Actually, being a PDE guy I do not see a lot of problem in dependence on higher derivatives. All you have to do is to get a decent equation that your function satisfies, derive some apriori estimates and then improve them with aposteriori estimates. Sounds scary, but it’s still better than to hope blindly that everything goes well. I tried, and it doesn’t. By the way, asymptotics of Fourier image of function are in fact equivalent to estimates on high derivatives, so you must have them one way or another and in either case you can’t do it by mathematics alone. Sigh.

Anyway, thanks for helping a newbie.

#Dear Pavel,

I do Monte Carlo simulations of Self Avoiding Walk on the lattice as model of Polymers.

I use low-noise differentiator for calculating the derivative of the function Entropy(Energy) obtained from the simulations.

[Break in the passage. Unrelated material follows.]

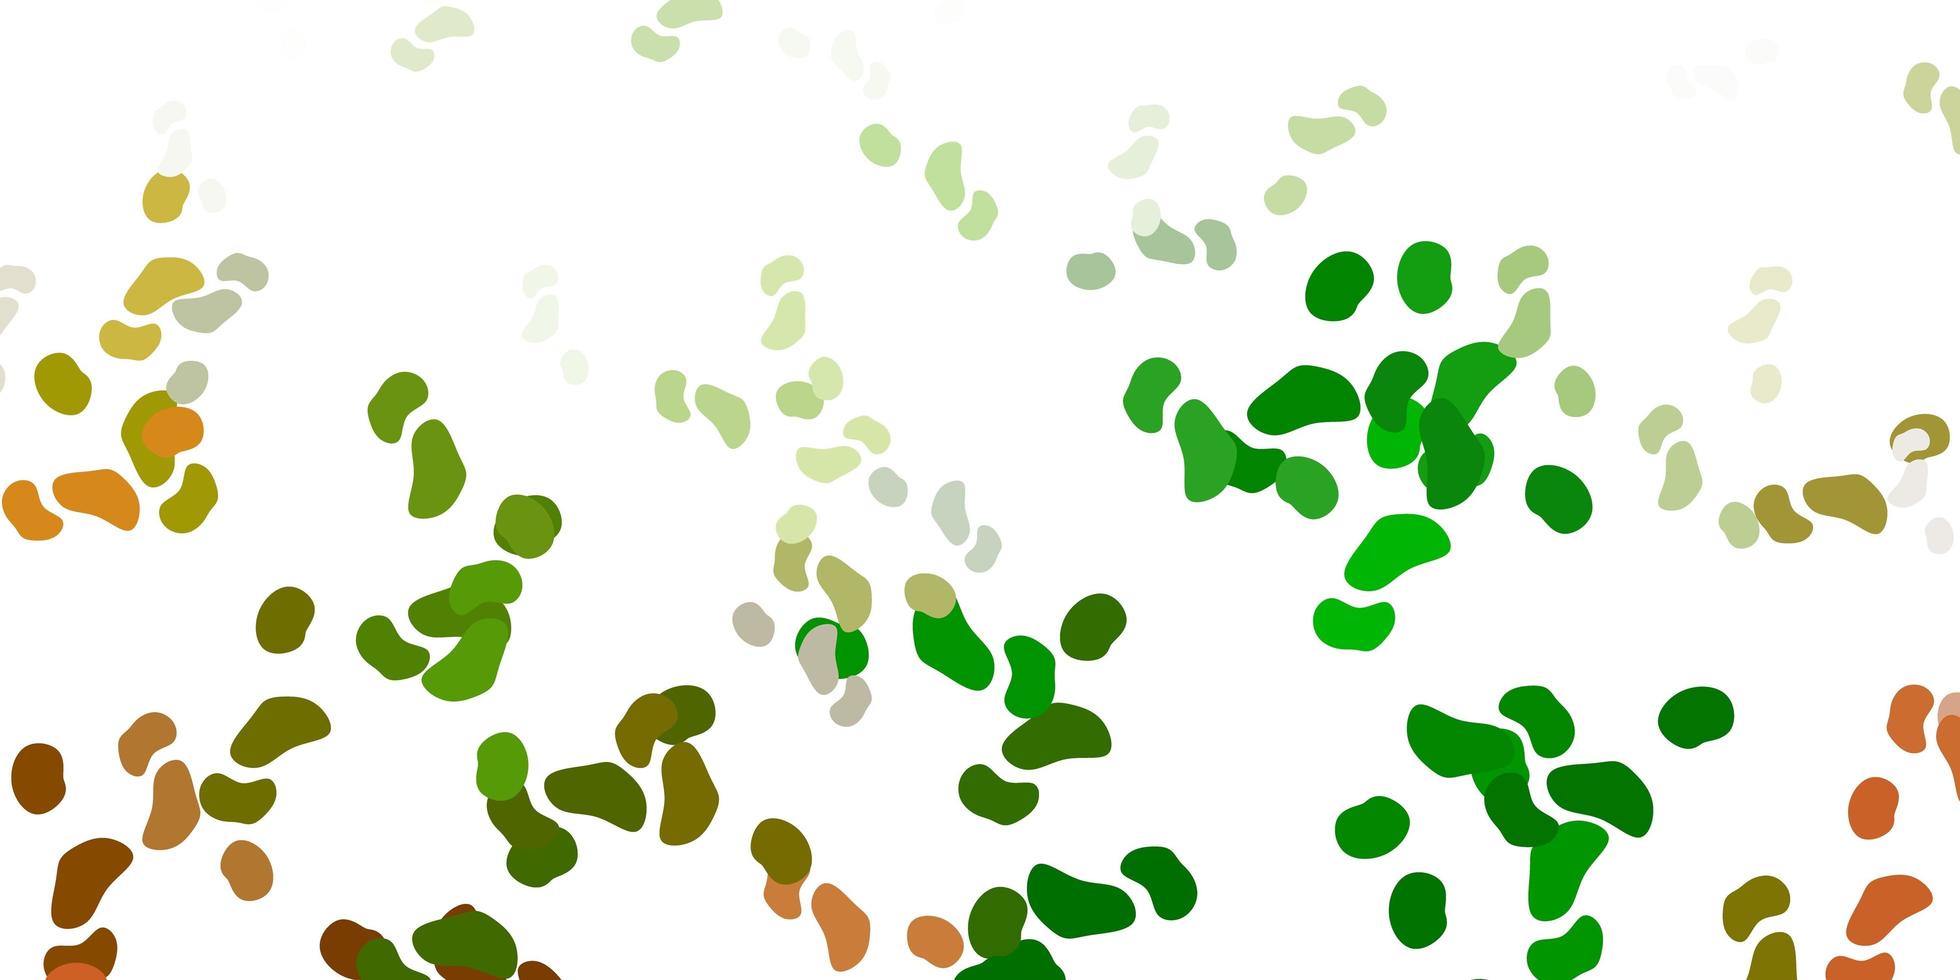 texture de vecteur vert clair, jaune avec des formes de memphis.

How I cite the low-noise differentiator method in a scientific paper?

I think it is not possible to cite a web site.

Is there an original paper where the method is presented?

Thank you,

Carlo

#If you use filters from this page – then cite Savitzky-Golay paper where they derived.

If you use filters from this page: Smooth noise-robust differentiators – then cite my website. BiBTeX record is available on that page.

#Hello, Pavel,

I am interested in your discussion of the low-noise Lanczos differentiators on http://www.holoborodko.com/pavel/numerical-methods/numerical-derivative/lanczos-low-noise-differentiators/. The idea is very natural to me. I noticed that on your page, you describe results for M=2 (regular) and M=4 (super). I can’t help but wondering why we only consider even M. Lowering M decreases the number of degrees of freedom in the approximating polynomial, so my intuition tells me that we will have a less noisy result because we’re farther from overfitting. Am I missing something?